According to the HRDC Director in Human Resource, Development and Planning Supply, apart from the unfavourable economy, the unemployment statistics keep soaring as some graduates cannot be absorbed into the job market.
Recently, only this year, more than 900 graduated from Limkokwing University of Creative Technology (LUCT), 300 from Institute of Health Sciences (IHS) and more than 3 000 are expected to graduate this weekend from University of Botswana as well as the newly re-invented Botswana University of Agriculture and Natural Resources (BUAN).

Other institutions that churn out a significant number of alumnae include Botho University with close to 650 and ABM University with over 700 graduates annually. The recently released Statistics Botswana (SB) unemployment figures from the Botswana Multi Topic Household Survey (BMTHS) of 2015/16, indicates that although the unemployment rate is still high, it has however declined from the previous 19.9 percent in 2011 to 17.6 percent in 2016.

Some observers have however said the figures are questionable as a significant number of citizens have of recent lost their jobs especially in the mining industry. Close to 4000 from BCL and around 2000 people at Tati Copper Nickel mine lost their jobs of late. In 2008 during the world economic meltdown the unemployment rate also hit a record high of 26.2%. At the official release of the figures recently, Statistician General Anna Majelantle said that a total of 1.2 million people aged 18 years and above which comprises of an estimated 838,000 were economically active while the remaining 147,101 of those are unemployed.

Official data also indicates that the unemployment rate for the youth, aged between 15 and 35 years, is estimated at 25.2%. The majority of the unemployed population was highest for persons with Junior Certificate (JC), at 39.4%, followed by those with Senior Secondary School and Primary education at 22.8% and 14.8% respectively. The unemployed with university or college education were estimated at 11.4%. It is understood that university graduates want to enter the job market while they have no practical experience.  

She further said learners do internships that are not relevant to their area of speciality. She also said the government internship cannot accommodate all the learners. A great contributing factor to the unemployment figures according to the HRDC official is the mismatch of skills.  “There is a skills mismatch; the internship duration is also limited for learning purposes and experience (skills and competency acquisition); failure of institutions to adjust to latest technology; lack of soft skills (presentation during interviews); lack of adequate career guidance and that; programs and training are more theory oriented or inadequate practical skills.”

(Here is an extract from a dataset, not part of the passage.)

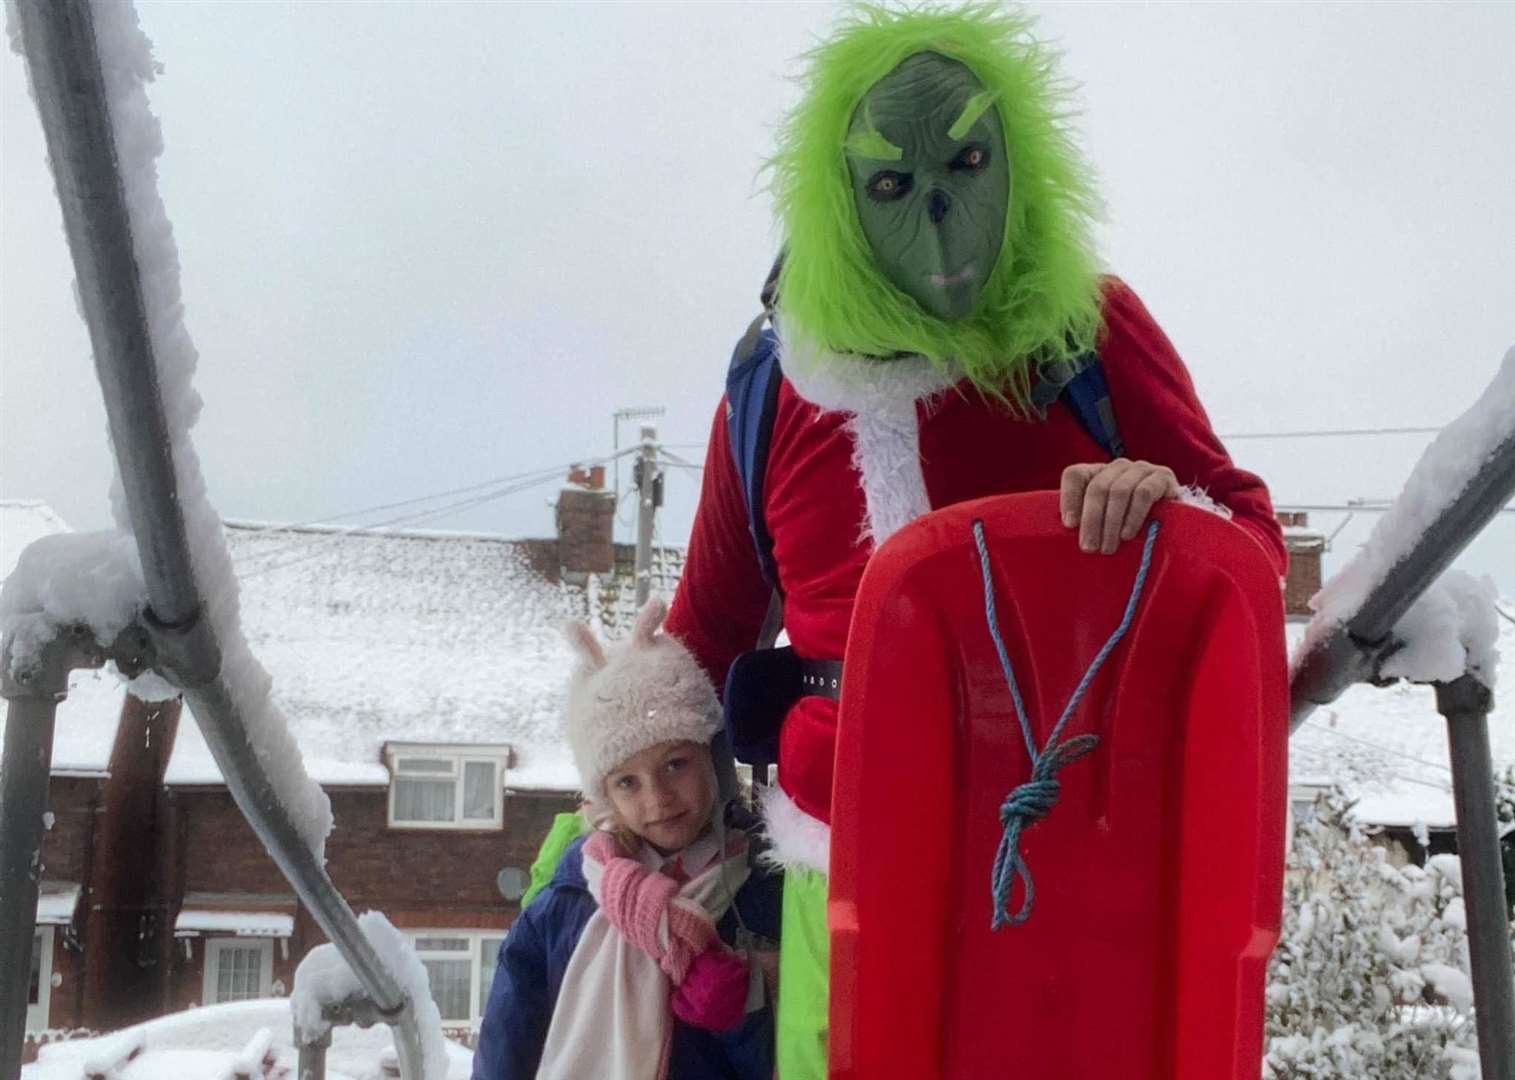 Daniel Wood as the Grinch with his daughter, Isabella

Meanwhile the University of Botswana Dean of Faculty of Health Sciences, Professor Yohana Mashalla who also attended the event, conceded that as UB they are not fully aligned for the market as they would want to be. “We also create a pool of graduates with a mindset that the only employer is government. But we need to change their mindset. They also need the private sector. We should create graduates who are employable at all areas. There is also need for self employment,” he pointed out.

Meanwhile the International Monetary Fund (IMF) has previously pointed out that the lack of skills in the labour force and skill mismatches have been the most serious challenge, compounded by an overly restrictive policy on permits for foreign workers and high wages in the public sector in Botswana. The country is also still heavily dependent on diamonds as the driver of the economy although the diamond industry is not a great employment creator.

Dr. Matshediso however cautioned that Botswana is undergoing a paradigm shift, in which she is moving from a ‘natural resources based economy to skills or knowledge based economy’ where the skills will become a commodity and take centre stage. Skills, she added should take the lead in employment.